1 июня 2009 г.

Аборт на семидесятом месяце

Эпизод из практики доктора Тиллера. Всего один. Бывают такие идеальные заменители некрологов.

Слабонервные: там мало собственно хирургических ужасов, а вот дальше тяжело. Сами решайте.

В 1993 году в клинику Тиллера привезли 15-летнюю девушку, беременную на позднем сроке. Привезли родители, за полторы тысячи километров – клиник, где делают поздние аборты, по стране мало. Пока они в пути, небольшое отступление.

В Америке вот какая законодательная механика в случае поздних абортов. В 1973 году Верховный суд вынес прецедентный вердикт в деле «Доу против Болтона», по которому аборты в случае жизнеспособности плода разрешались при угрозе здоровью матери. Казалось бы, выражение «угроза здоровью» имеет определенный смысл. По крайней мере – есть такие смыслы, которых оно не имеет. Если грозит смерть, инвалидность, если есть тяжелая хроническая болезнь – это вроде как угроза. Если грозит душевная болезнь – зависит от интерпретации, кто-то возьмет пошире, кто-то поуже. Если женщина боится после родов растолстеть, это вроде как уже не особо угроза здоровью. Если ей кажется, что муж начнет ходить налево, или что свекровь ее будет доставать советами и придирками, это вроде как угрозы, но уже совсем не здоровью. Правильно?

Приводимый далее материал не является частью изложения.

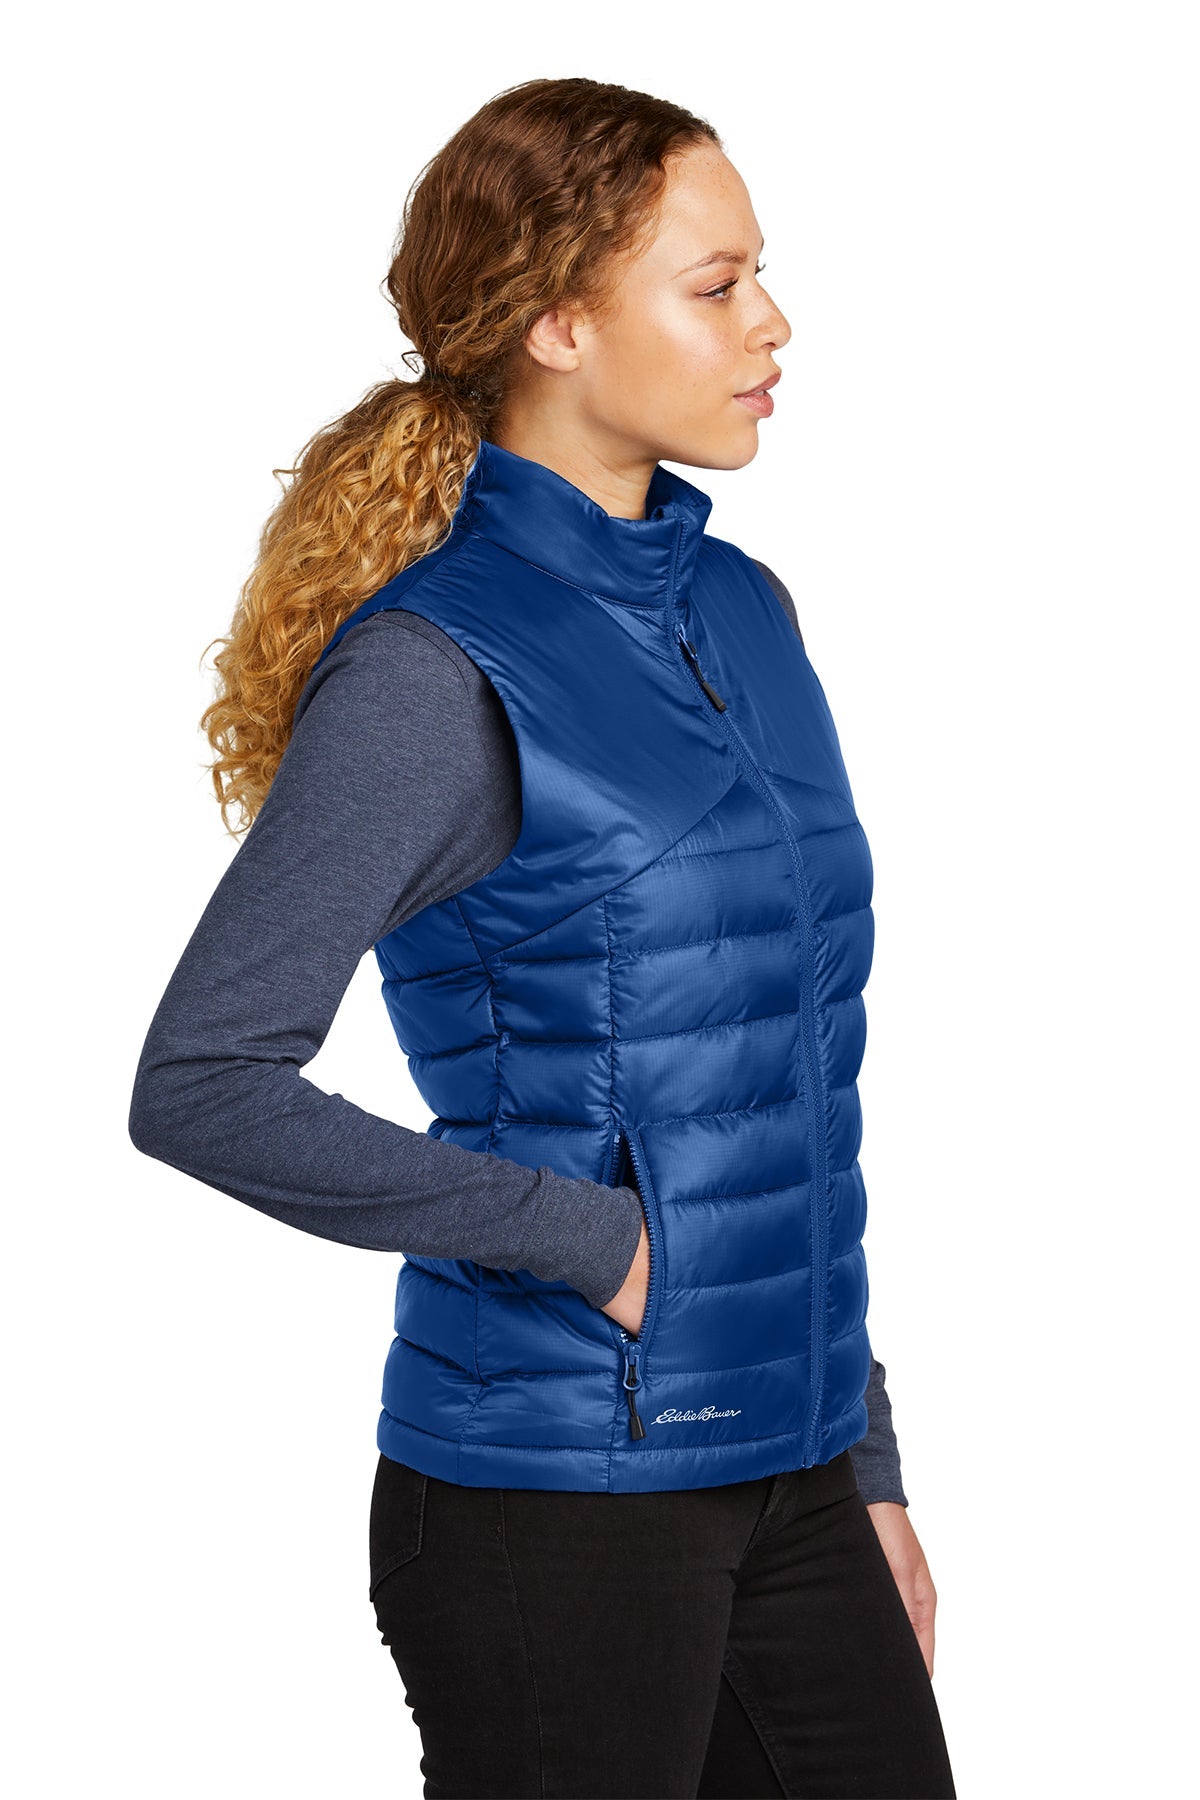 Eddie Bauer Ladies Customized Quilted Vests, Cobalt Blue
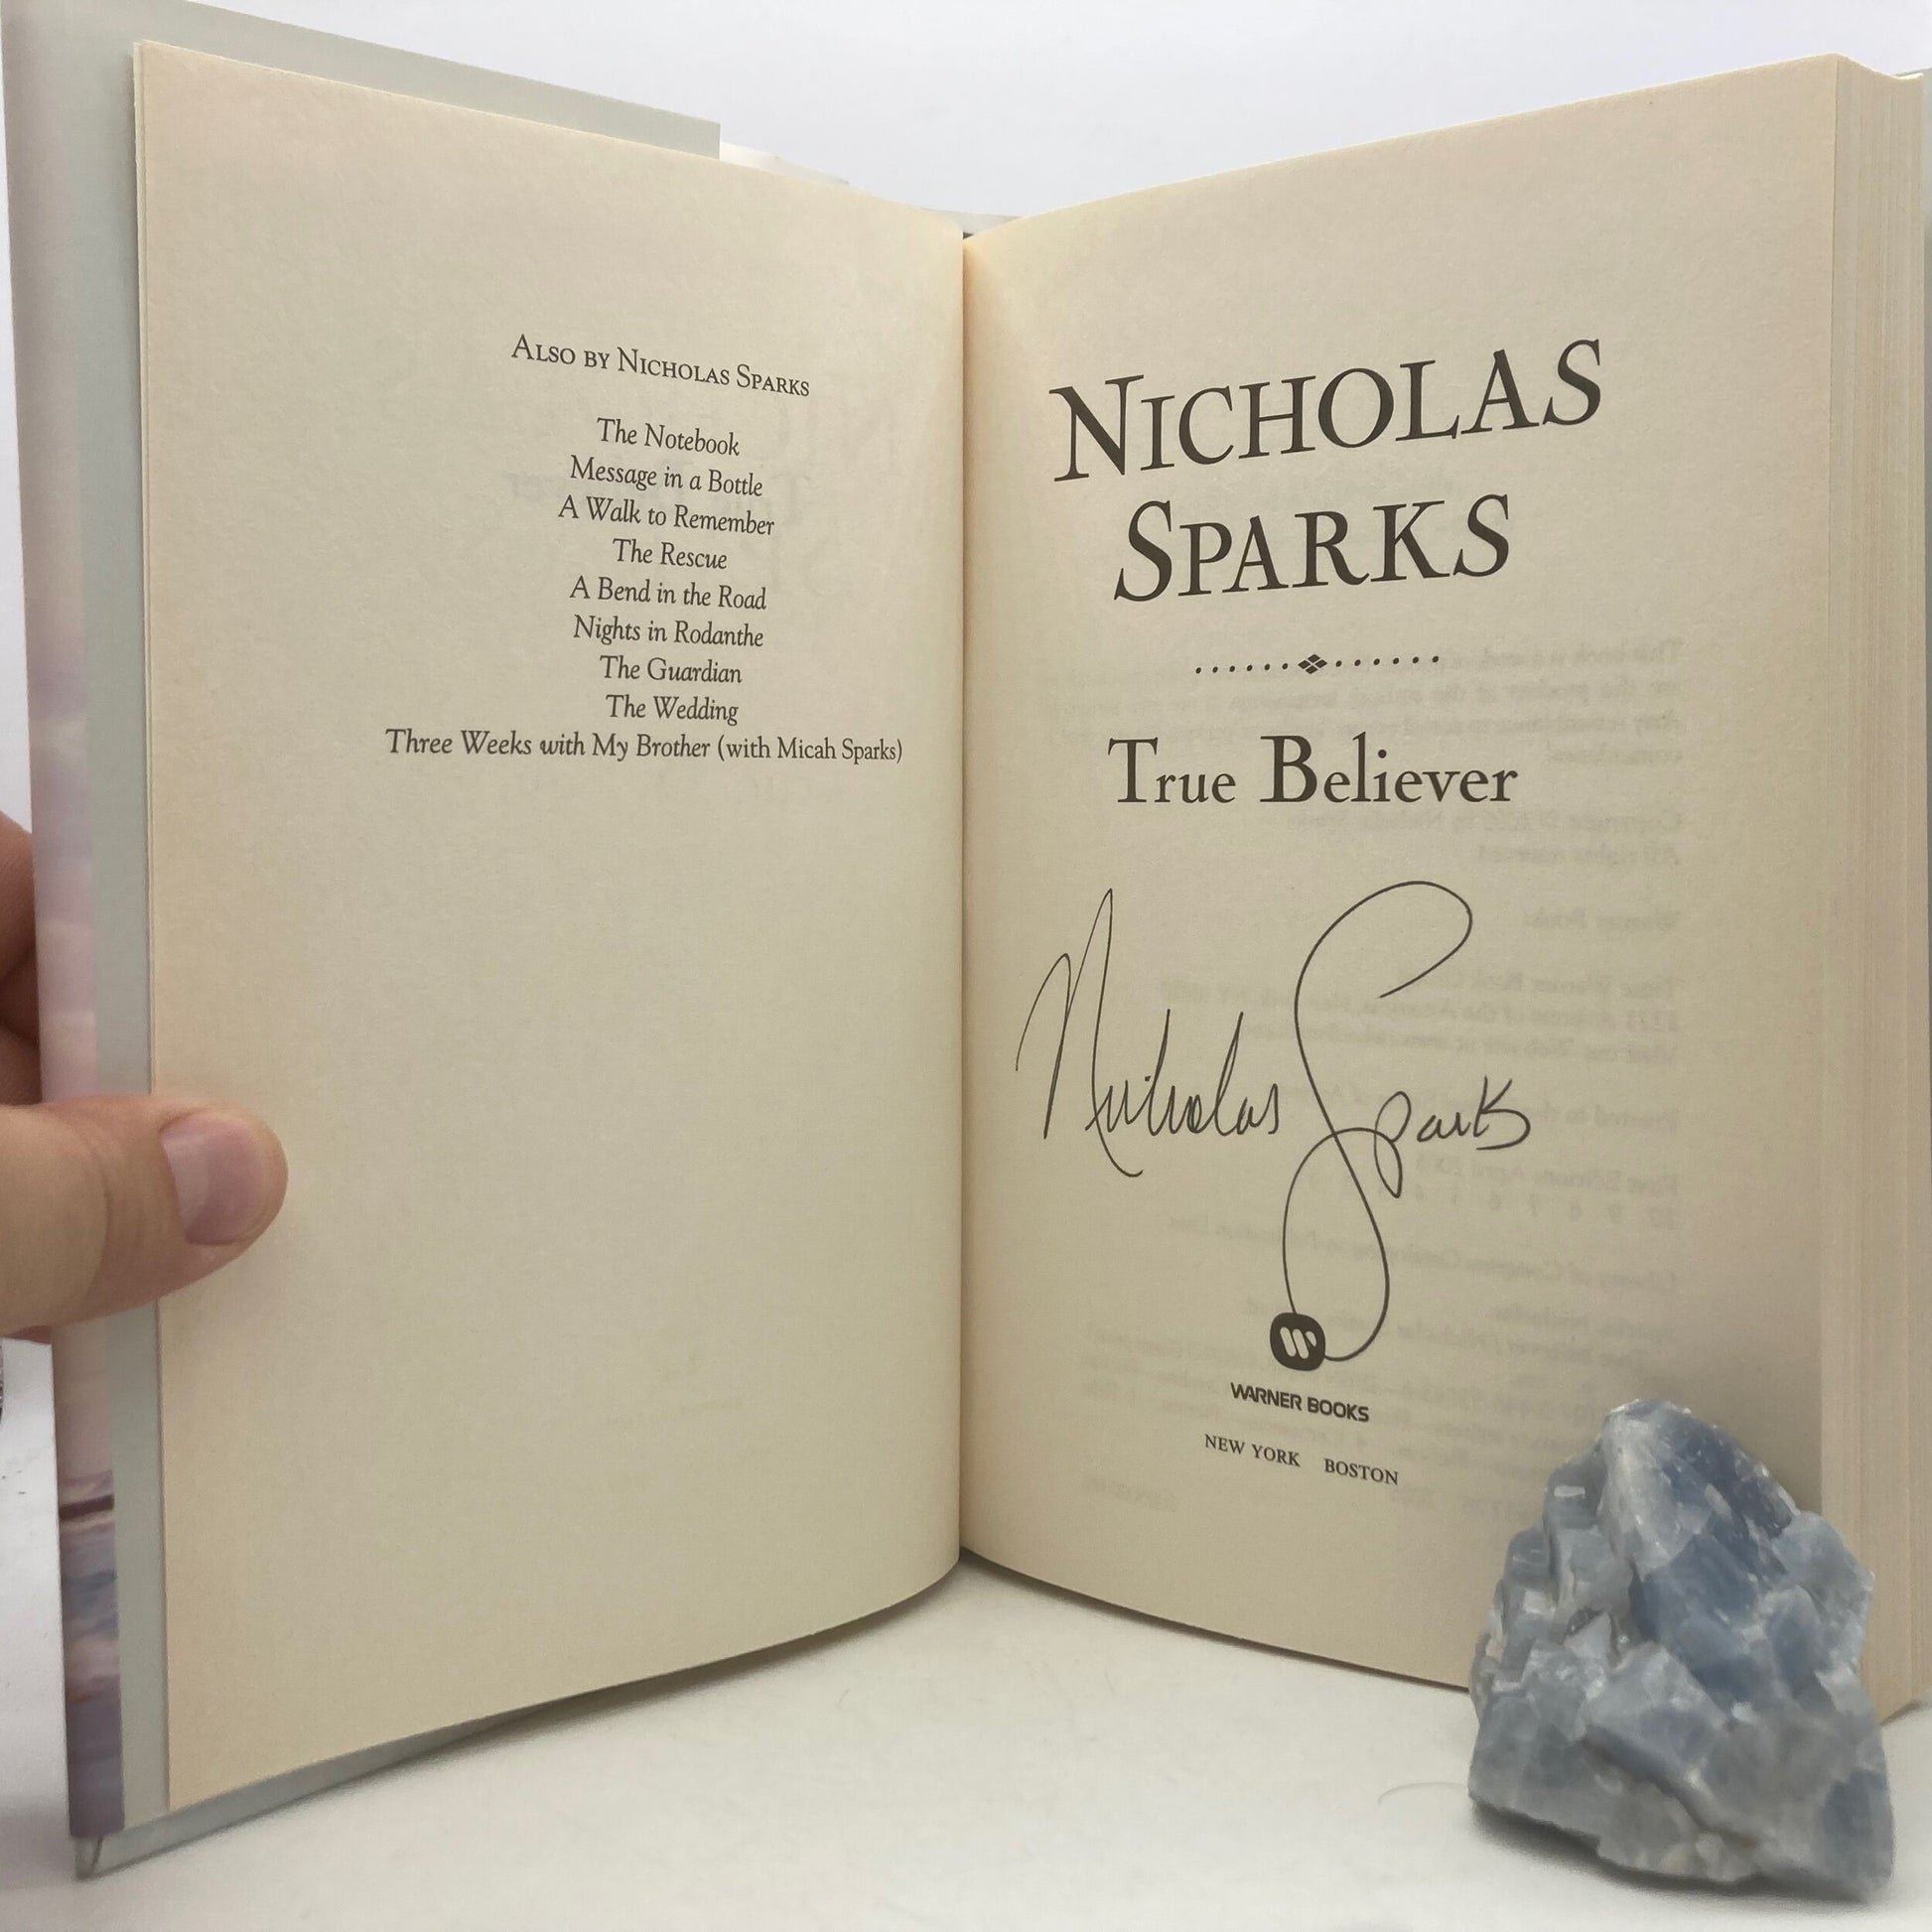 SPARKS, Nicholas "True Believer" [Warner, 2005] 1st Edition (Signed) - Buzz Bookstore

Неправильно. Если когда-нибудь был в хваленом американском правосудии эпизод чистой, незамутненной антиутопичности, то вот, пожалуйста: как они определили «угрозу здоровью».

...the medical judgment may be exercised in the light of all factors - physical, emotional, psychological, familial, and the woman's age - relevant to the well-being of the patient. All these factors may relate to health.


Можно долго хлопать одной рукой, не думая о белой обезьяне, но в голову так и не придет ни одного жизненного обстоятельства, которое не было бы ни физическим, ни эмоциональным, ни психологическим, ни семейным, ни возрастным фактором благосостояния женщины. Слово «здоровье» в вердикте Верховного суда США можно везде заменить на слово «ухряб», и практического смысла он не потеряет. Все перечисленные факторы могут иметь отношение к ухрябу пациента. Ведь всё на свете, как открылось пелевинскому герою, является ухрябом.

С 1973 года не известно ни одного случая, чтобы в аборте на позднем сроке было отказано за недостаточностью оснований. А для оценки этих оснований в штате Канзас нужно мнение одного независимого врача, помимо абортмахера. Тиллера, кстати, судили в марте, обвиняя в том, что «независимый» врач, к которому он много раз обращался – д-р Энн Кристин Ньюхаус – была, в сущности, его подчиненной. Ему грозил год в тюрьме. Присяжные оправдали.

Поэтому неудивительно, что мы ничего не знаем о том, какие проблемы со здоровьем были у той девушки. Возможно, она страдала хроническим 15-летием. Возможно, ее диагнозом были ее родители. Как бы то ни было, известно, что ребенок, от которого ее собирались избавить – девочка – была совершенно здоровой.

Д-р Тиллер сквозь матку сделал нерожденному ребенку два укола хлористого калия. Один пришелся над левой бровью, другой – у основания черепа. Хлористый калий в некоторых штатах США используется для казни смертельной инъекцией.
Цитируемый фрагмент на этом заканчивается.